Serginusa
19 minutes ago
Really impressive stack — especially the quantization workflow with TensorRT/INT8 on Jetsons. We've been dealing with similar tradeoffs (speed vs segmentation accuracy) in other domain:
Curious — how many labeled fish images did you need before the quantized models stopped falling apart in production?
(Also, for anyone tracking W26, we've got OctaPulse on our prediction market: ingene.win/?utm_source=hn_comment&utm_medium=social&utm_campaign=mar2026)
rohxnsxngh
12 minutes ago
Thanks! The quantization tradeoffs have been a grind. We do not have an exact number but we found that a few thousand images was not enough once you account for the variance on farm. Lighting changes throughout the day, water clarity shifts between feedings, fish density varies by tank. Early on our calibration sets were too homogenous and the INT8 models would work great in testing and then fall apart when conditions shifted.
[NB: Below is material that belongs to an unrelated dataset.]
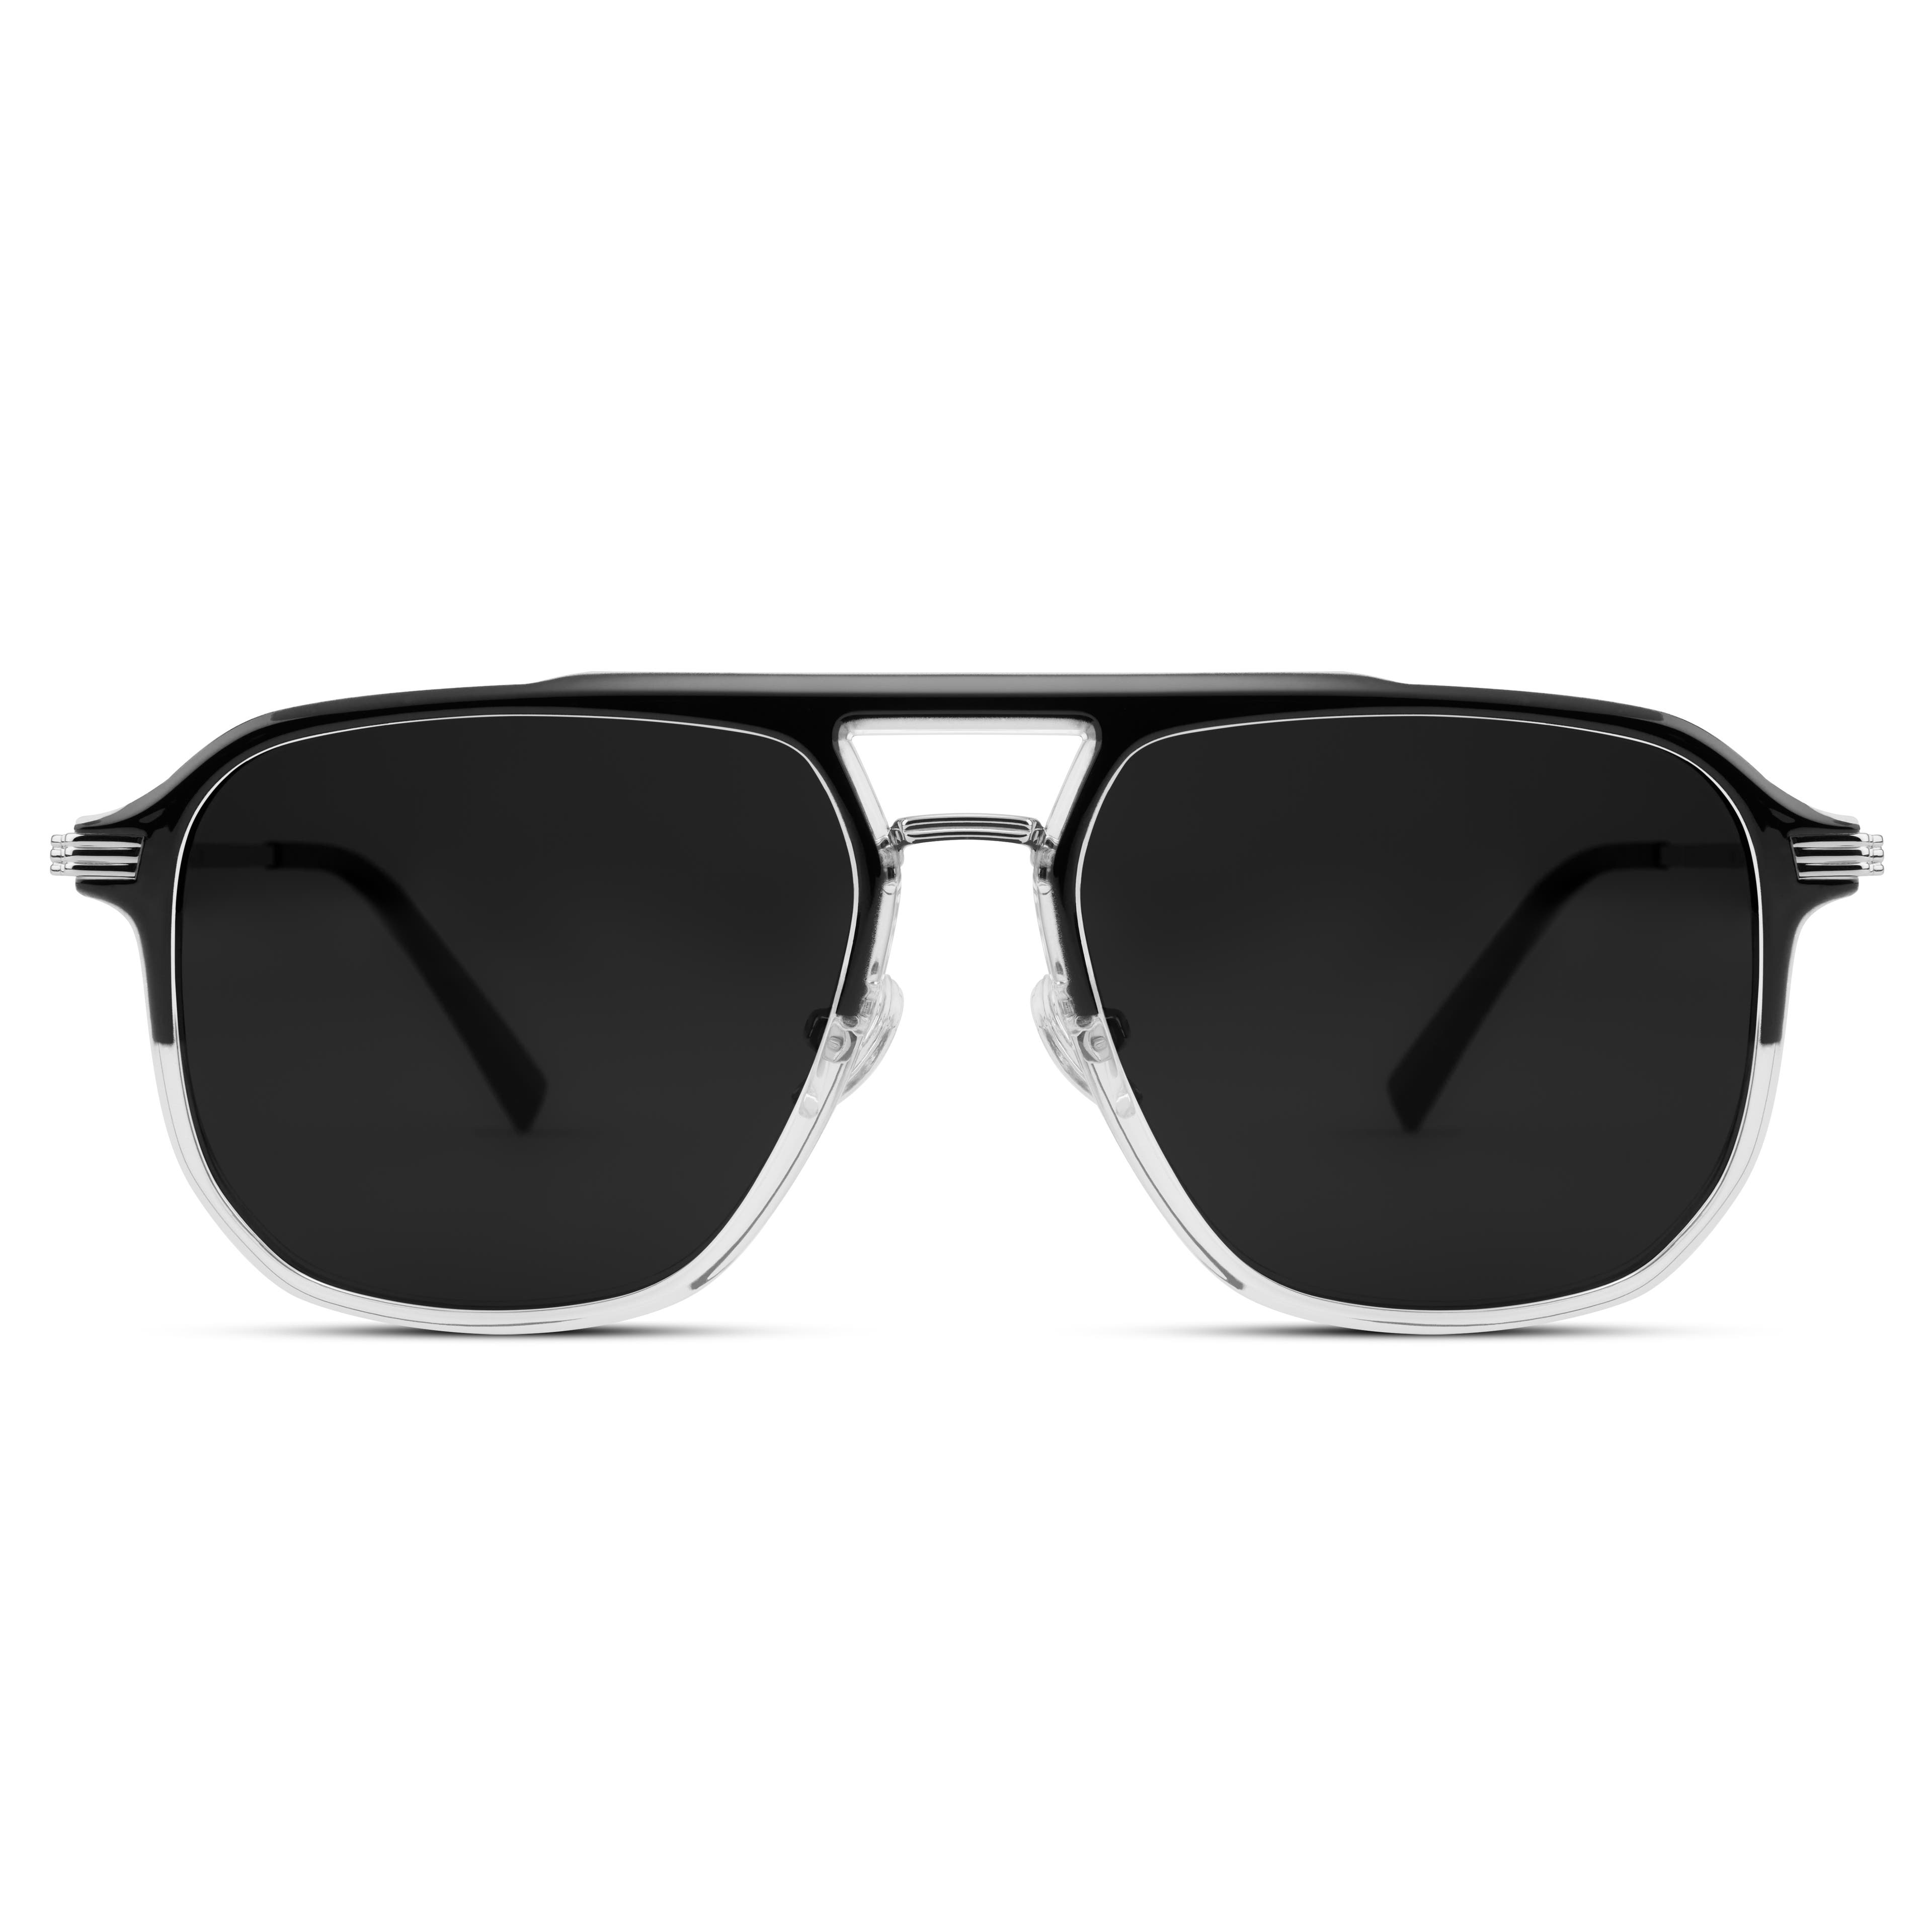 Occasus | Слънчеви очила с черно-прозрачни рамки, двоен мост и тъмни поляризирани стъкла
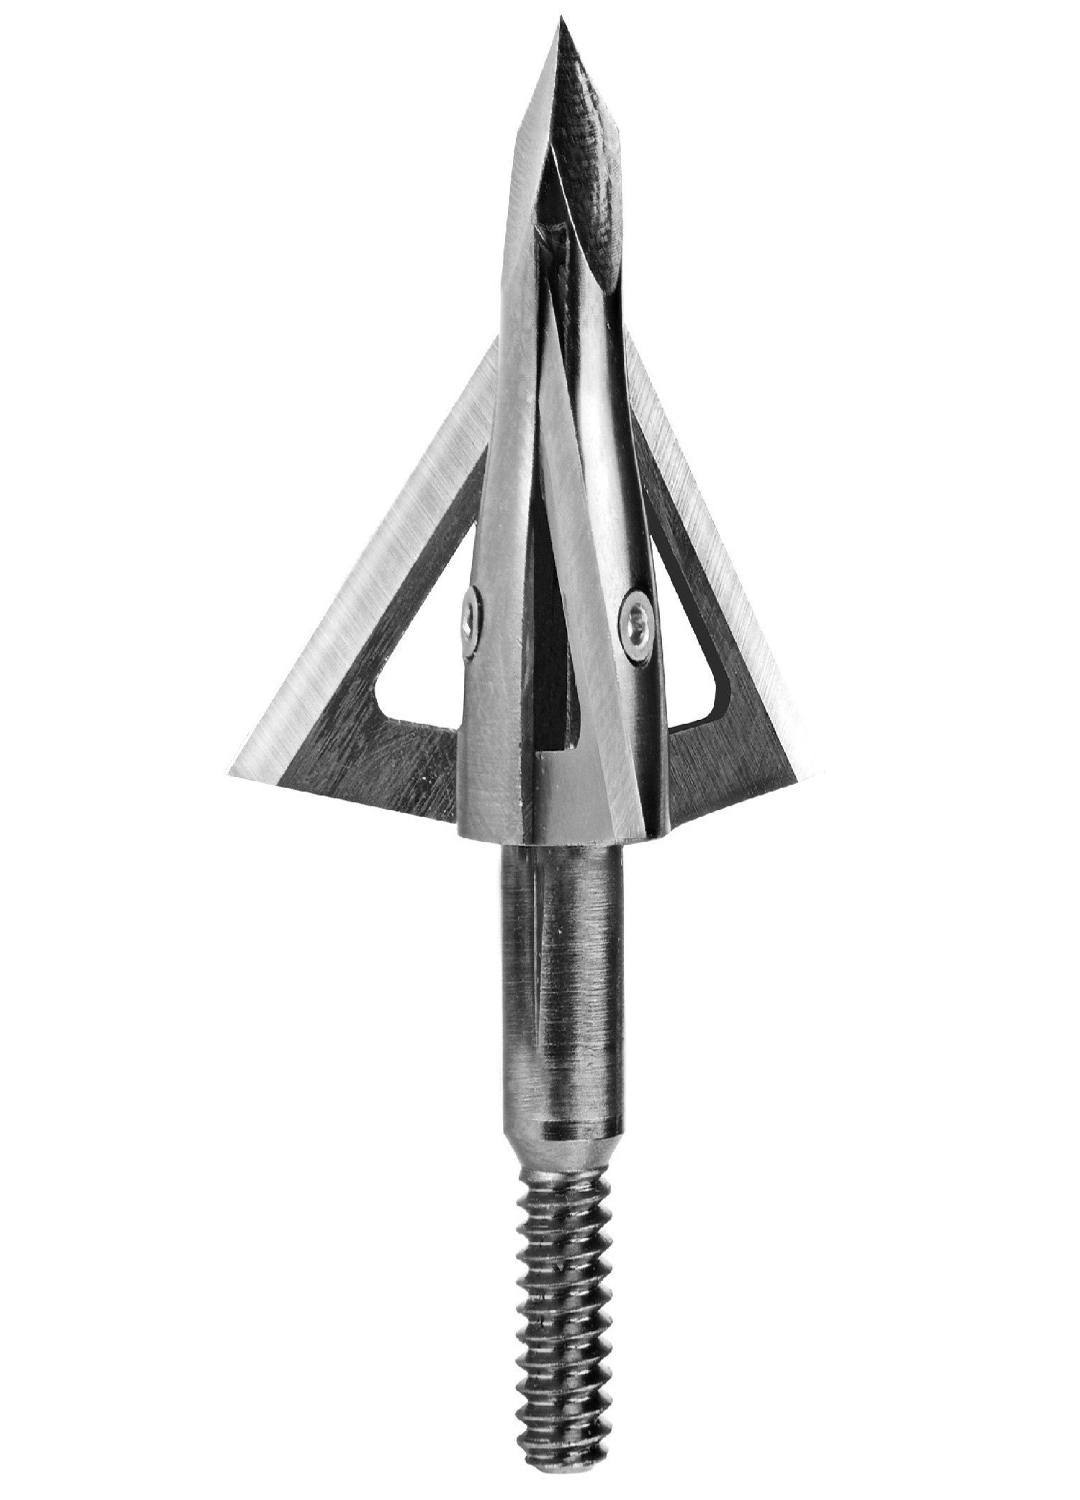 Muzzy Trocar Crossbow - Broadhead, 3 Blade, 125 grain

We also found that segmentation required significantly fewer images compared to keypoint pose detection models. Segmentation generalizes faster since you are just finding body boundaries. Keypoints are more finicky because anatomical landmarks vary a lot more across species, life stages, and body deformation while swimming. We had to be much more intentional about diversity in the keypoint training data. What made the difference overall was building calibration sets that intentionally captured edge cases. Low light, high turbidity, dense occlusion, different life stages. We also started stratifying by time of day and tank conditions rather than just grabbing random frames. It is still not perfect but the models are much more stable now.